General and administrative expense for the 2008 first quarter was essentially flat at $1.0 million, compared to the like period a year earlier.

Acquisitions

The company acquired 10 hotels with 736 rooms for approximately $22.0 million in January 2008. The properties include two Days Inns in Sioux Falls, South Dakota; a Super 8 in Green Bay, Wisconsin; and seven hotels in Kentucky, consisting of two Comfort Inns, a Comfort Suites, two Days Inns, a Sleep Inn and a Quality Inn.
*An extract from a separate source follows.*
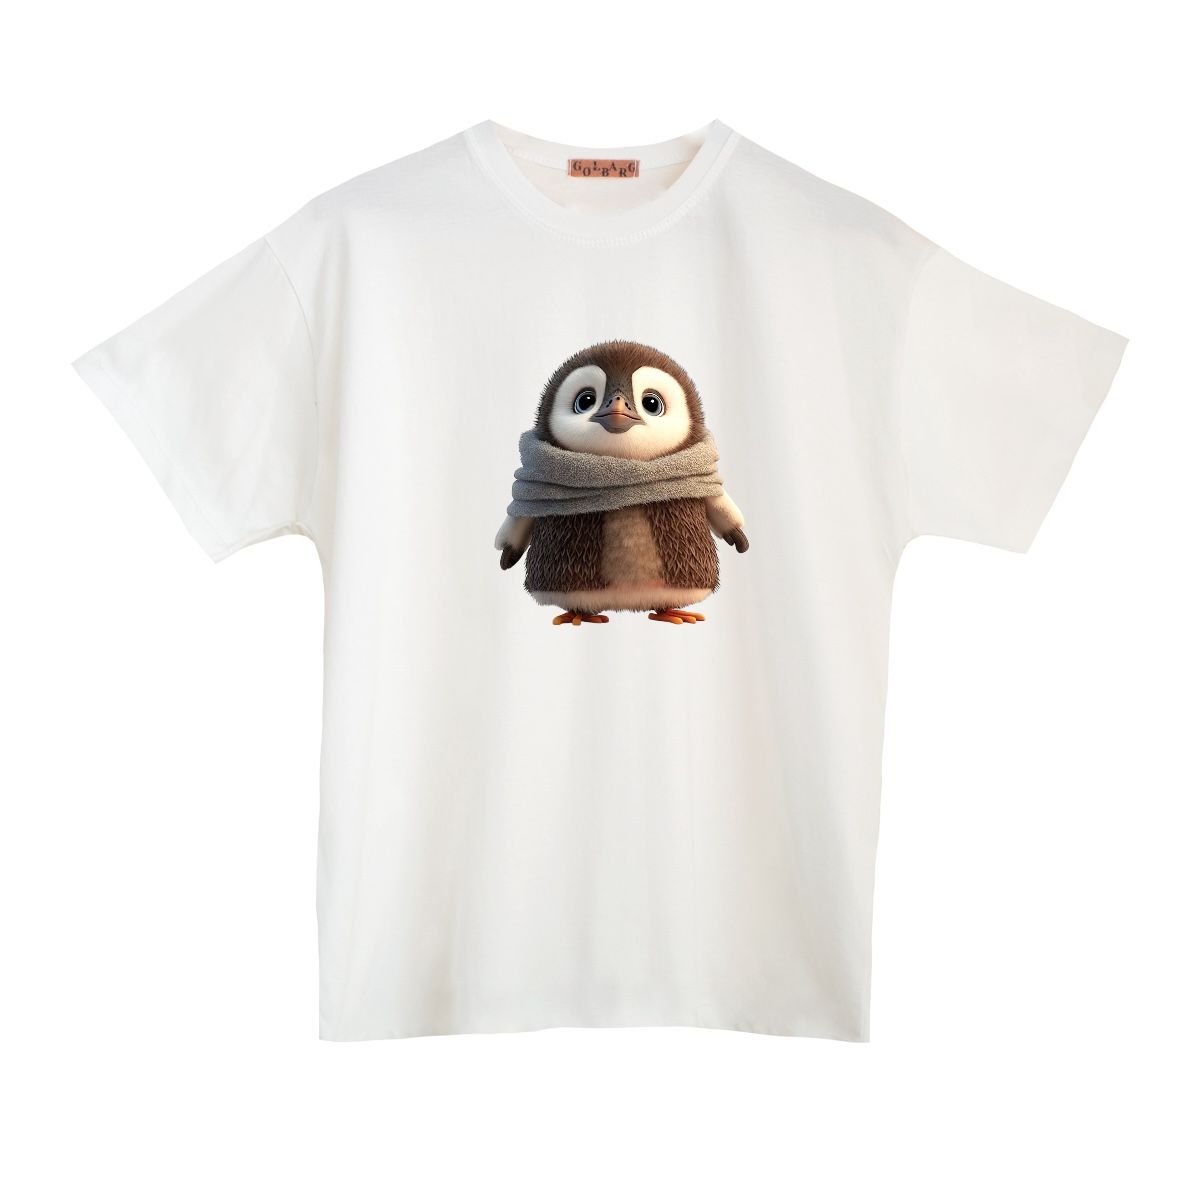 تی شرت بچگانه مدل پنگوئن کد 2 -  - 1

Schulte said the company continues to carefully monitor the hotel acquisition market. "We see about the same level of deal flow but are beginning to see cap rates improve slightly, which we believe will continue, especially if the lending environment remains difficult. We believe this will create some attractive opportunities, but we will be prudent in our acquisitions."

Balance Sheet

Effective May 1, 2008 the company consummated the conversion of $64.6 million of variable rate debt to an average fixed-rate of 5.9 percent. "This will give us significant rate stability for the next seven to eight years," said Donavon A. Heimes, chief financial officer. "About 68 percent of our $221.2 million debt is now fixed, at favorable long-term rates.

Dividends

Supertel paid a first quarter dividend of $0.12 3/4 per share on April 30, 2008 to common shareholders of record on March 31, 2008. The payment is a 13.3 percent increase from the $0.11 1/4 dividend paid for the same period a year earlier. "The board will continue to evaluate its dividend payout on a quarterly basis," Schulte said.